[What the task requires]:
Where the line with "Q3 2021 Calendar" appears below, start writing out lines exactly, and finish with the line with "pink sugar flower", which is included; write out nothing else.
Segment Start: Record set
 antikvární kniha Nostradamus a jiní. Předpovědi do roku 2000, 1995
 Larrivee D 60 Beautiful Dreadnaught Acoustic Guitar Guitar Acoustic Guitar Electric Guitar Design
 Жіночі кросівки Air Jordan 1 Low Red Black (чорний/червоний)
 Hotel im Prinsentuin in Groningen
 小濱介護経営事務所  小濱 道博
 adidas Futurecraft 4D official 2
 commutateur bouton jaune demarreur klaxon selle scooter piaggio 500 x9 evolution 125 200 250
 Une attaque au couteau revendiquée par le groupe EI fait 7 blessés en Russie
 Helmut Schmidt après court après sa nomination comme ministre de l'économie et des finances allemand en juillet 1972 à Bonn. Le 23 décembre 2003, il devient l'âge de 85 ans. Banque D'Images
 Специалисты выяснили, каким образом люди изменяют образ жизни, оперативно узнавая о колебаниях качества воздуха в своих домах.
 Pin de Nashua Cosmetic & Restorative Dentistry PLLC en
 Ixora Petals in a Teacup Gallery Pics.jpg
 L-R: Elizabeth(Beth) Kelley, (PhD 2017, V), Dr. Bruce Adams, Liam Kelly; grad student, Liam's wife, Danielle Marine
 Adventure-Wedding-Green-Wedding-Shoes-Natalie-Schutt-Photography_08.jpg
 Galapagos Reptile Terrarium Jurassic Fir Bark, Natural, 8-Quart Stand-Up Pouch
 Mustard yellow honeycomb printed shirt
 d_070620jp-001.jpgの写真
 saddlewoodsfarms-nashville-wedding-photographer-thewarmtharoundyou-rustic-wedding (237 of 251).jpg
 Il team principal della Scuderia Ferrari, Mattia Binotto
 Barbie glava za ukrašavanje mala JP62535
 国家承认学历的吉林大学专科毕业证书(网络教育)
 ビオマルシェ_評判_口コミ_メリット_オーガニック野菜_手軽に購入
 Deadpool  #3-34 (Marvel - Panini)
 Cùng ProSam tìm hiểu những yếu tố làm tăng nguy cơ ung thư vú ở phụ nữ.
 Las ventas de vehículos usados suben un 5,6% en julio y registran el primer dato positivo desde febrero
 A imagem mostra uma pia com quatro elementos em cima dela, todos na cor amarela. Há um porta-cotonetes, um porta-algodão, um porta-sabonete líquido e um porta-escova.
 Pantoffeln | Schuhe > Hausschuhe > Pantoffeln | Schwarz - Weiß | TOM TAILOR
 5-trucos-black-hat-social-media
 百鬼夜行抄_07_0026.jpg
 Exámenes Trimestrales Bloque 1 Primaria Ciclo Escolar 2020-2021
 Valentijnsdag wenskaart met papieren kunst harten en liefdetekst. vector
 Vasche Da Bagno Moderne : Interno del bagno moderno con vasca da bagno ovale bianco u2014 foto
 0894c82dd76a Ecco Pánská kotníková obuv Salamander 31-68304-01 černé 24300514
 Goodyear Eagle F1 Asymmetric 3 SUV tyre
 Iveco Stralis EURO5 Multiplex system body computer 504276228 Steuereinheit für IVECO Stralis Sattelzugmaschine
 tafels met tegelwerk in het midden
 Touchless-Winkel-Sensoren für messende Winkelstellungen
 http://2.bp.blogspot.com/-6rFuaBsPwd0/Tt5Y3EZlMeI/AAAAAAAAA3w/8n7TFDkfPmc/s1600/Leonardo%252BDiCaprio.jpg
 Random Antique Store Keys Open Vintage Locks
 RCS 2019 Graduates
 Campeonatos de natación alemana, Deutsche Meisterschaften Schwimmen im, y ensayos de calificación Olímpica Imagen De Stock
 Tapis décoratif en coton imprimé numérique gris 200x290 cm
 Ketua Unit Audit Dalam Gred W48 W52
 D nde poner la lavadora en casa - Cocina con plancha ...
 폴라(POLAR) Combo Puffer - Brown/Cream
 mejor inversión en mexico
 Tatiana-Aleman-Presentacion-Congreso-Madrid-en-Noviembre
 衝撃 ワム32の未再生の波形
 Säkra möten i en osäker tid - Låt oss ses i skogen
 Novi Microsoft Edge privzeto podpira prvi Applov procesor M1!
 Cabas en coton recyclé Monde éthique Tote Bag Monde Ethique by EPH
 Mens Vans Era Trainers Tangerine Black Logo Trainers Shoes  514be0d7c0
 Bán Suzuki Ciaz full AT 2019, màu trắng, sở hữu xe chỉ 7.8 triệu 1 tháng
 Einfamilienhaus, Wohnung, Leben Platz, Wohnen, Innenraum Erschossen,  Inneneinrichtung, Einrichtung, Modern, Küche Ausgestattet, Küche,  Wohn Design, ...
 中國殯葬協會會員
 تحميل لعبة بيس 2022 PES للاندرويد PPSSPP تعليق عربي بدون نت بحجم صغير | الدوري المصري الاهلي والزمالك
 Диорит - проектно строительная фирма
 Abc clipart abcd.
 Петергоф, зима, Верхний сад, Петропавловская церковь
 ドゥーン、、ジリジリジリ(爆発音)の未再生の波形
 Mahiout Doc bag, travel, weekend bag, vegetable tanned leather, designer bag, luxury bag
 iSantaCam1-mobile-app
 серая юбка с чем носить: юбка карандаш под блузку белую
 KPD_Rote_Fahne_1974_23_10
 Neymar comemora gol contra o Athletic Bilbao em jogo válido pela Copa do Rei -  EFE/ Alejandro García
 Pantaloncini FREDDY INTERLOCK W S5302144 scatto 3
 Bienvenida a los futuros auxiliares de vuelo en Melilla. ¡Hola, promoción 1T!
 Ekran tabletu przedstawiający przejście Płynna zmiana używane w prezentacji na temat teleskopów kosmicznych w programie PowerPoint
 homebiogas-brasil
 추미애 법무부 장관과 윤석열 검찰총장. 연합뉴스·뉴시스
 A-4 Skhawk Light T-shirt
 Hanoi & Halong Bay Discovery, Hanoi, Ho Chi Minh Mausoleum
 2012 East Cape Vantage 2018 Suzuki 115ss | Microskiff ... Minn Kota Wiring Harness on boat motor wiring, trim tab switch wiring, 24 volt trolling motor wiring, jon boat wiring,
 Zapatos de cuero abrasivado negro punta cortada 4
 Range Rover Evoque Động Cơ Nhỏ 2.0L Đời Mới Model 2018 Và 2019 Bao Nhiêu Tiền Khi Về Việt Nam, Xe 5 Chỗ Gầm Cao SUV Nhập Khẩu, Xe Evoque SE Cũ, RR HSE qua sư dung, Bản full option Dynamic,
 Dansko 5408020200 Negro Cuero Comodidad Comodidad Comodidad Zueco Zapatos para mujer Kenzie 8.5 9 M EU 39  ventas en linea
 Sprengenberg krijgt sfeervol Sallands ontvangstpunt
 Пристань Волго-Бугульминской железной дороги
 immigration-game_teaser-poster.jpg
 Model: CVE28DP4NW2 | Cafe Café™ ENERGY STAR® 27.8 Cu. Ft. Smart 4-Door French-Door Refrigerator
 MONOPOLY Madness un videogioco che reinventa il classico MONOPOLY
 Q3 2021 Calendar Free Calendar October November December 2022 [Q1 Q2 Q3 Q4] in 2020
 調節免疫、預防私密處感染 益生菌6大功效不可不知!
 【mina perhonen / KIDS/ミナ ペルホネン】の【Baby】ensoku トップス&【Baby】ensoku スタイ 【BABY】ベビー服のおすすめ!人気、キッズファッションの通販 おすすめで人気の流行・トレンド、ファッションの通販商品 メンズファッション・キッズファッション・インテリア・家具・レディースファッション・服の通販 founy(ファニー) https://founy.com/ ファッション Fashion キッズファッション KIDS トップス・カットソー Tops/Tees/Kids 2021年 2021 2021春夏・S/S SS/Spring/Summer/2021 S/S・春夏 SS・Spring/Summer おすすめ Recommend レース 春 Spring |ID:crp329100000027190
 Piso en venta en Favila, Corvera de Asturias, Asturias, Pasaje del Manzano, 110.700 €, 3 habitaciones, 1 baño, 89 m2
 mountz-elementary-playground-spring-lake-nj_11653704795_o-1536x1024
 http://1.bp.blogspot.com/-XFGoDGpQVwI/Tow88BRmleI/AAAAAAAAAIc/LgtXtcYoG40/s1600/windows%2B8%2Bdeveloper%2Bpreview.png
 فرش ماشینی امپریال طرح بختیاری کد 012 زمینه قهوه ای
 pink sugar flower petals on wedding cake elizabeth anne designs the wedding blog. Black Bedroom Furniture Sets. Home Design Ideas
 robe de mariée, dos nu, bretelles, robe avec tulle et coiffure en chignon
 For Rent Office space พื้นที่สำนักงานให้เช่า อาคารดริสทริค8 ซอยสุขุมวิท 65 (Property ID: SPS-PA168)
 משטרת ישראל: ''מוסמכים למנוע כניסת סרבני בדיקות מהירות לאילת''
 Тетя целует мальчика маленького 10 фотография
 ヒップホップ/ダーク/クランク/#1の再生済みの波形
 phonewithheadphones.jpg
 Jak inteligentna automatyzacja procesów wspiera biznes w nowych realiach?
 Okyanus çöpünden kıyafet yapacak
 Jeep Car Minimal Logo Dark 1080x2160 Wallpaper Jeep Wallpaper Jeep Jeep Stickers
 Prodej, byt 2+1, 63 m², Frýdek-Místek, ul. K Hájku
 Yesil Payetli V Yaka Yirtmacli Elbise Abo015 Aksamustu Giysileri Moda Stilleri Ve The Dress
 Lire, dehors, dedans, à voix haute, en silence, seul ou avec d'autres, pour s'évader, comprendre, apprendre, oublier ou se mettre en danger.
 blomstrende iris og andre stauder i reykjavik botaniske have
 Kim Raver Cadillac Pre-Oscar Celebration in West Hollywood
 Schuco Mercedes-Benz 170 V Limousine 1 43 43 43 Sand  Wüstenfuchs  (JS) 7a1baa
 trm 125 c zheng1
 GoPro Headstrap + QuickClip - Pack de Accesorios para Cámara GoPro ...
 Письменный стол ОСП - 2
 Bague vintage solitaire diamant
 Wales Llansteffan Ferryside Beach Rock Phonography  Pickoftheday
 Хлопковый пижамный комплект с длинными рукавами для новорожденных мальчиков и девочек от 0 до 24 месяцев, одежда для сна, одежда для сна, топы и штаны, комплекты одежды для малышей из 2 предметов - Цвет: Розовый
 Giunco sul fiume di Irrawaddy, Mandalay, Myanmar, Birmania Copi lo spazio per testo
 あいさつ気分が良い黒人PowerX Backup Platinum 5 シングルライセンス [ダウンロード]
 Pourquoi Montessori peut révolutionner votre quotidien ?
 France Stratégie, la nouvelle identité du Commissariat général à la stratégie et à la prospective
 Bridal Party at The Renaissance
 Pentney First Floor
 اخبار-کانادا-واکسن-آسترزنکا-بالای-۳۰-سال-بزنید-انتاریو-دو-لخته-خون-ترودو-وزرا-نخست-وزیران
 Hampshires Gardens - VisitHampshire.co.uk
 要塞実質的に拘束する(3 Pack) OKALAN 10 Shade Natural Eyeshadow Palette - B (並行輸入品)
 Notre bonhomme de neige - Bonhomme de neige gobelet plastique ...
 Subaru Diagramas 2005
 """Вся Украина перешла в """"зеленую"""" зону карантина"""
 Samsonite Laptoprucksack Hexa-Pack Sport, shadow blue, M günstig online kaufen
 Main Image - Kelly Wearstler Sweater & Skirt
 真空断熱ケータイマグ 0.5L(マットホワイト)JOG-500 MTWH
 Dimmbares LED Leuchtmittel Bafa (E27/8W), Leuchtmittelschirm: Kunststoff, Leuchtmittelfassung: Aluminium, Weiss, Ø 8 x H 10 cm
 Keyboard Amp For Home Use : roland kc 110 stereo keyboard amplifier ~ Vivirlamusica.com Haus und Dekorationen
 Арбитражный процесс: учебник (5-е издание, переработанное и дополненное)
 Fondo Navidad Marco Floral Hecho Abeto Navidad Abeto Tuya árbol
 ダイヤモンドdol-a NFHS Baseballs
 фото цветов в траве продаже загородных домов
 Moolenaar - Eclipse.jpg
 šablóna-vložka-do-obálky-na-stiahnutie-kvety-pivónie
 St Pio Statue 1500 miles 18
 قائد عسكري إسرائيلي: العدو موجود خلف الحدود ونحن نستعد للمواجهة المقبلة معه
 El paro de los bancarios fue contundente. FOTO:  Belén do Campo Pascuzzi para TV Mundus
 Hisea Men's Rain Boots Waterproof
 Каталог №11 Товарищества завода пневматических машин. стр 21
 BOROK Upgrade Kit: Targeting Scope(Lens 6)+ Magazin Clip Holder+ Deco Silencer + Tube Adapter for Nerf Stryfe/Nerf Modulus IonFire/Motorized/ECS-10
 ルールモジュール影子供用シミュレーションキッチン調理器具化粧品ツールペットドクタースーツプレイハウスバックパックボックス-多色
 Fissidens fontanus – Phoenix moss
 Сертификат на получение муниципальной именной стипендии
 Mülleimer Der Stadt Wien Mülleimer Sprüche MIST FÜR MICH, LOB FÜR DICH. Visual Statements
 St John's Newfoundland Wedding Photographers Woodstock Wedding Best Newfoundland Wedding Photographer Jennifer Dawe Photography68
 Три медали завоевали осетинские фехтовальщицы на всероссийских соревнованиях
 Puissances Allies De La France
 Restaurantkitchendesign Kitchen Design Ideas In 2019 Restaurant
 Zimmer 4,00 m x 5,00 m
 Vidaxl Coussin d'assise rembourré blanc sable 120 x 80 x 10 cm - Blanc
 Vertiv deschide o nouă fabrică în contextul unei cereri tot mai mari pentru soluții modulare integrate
Segment End: Record set
[Response]:
 Q3 2021 Calendar Free Calendar October November December 2022 [Q1 Q2 Q3 Q4] in 2020
 調節免疫、預防私密處感染 益生菌6大功效不可不知!
 【mina perhonen / KIDS/ミナ ペルホネン】の【Baby】ensoku トップス&【Baby】ensoku スタイ 【BABY】ベビー服のおすすめ!人気、キッズファッションの通販 おすすめで人気の流行・トレンド、ファッションの通販商品 メンズファッション・キッズファッション・インテリア・家具・レディースファッション・服の通販 founy(ファニー) https://founy.com/ ファッション Fashion キッズファッション KIDS トップス・カットソー Tops/Tees/Kids 2021年 2021 2021春夏・S/S SS/Spring/Summer/2021 S/S・春夏 SS・Spring/Summer おすすめ Recommend レース 春 Spring |ID:crp329100000027190
 Piso en venta en Favila, Corvera de Asturias, Asturias, Pasaje del Manzano, 110.700 €, 3 habitaciones, 1 baño, 89 m2
 mountz-elementary-playground-spring-lake-nj_11653704795_o-1536x1024
 http://1.bp.blogspot.com/-XFGoDGpQVwI/Tow88BRmleI/AAAAAAAAAIc/LgtXtcYoG40/s1600/windows%2B8%2Bdeveloper%2Bpreview.png
 فرش ماشینی امپریال طرح بختیاری کد 012 زمینه قهوه ای
 pink sugar flower petals on wedding cake elizabeth anne designs the wedding blog. Black Bedroom Furniture Sets. Home Design Ideas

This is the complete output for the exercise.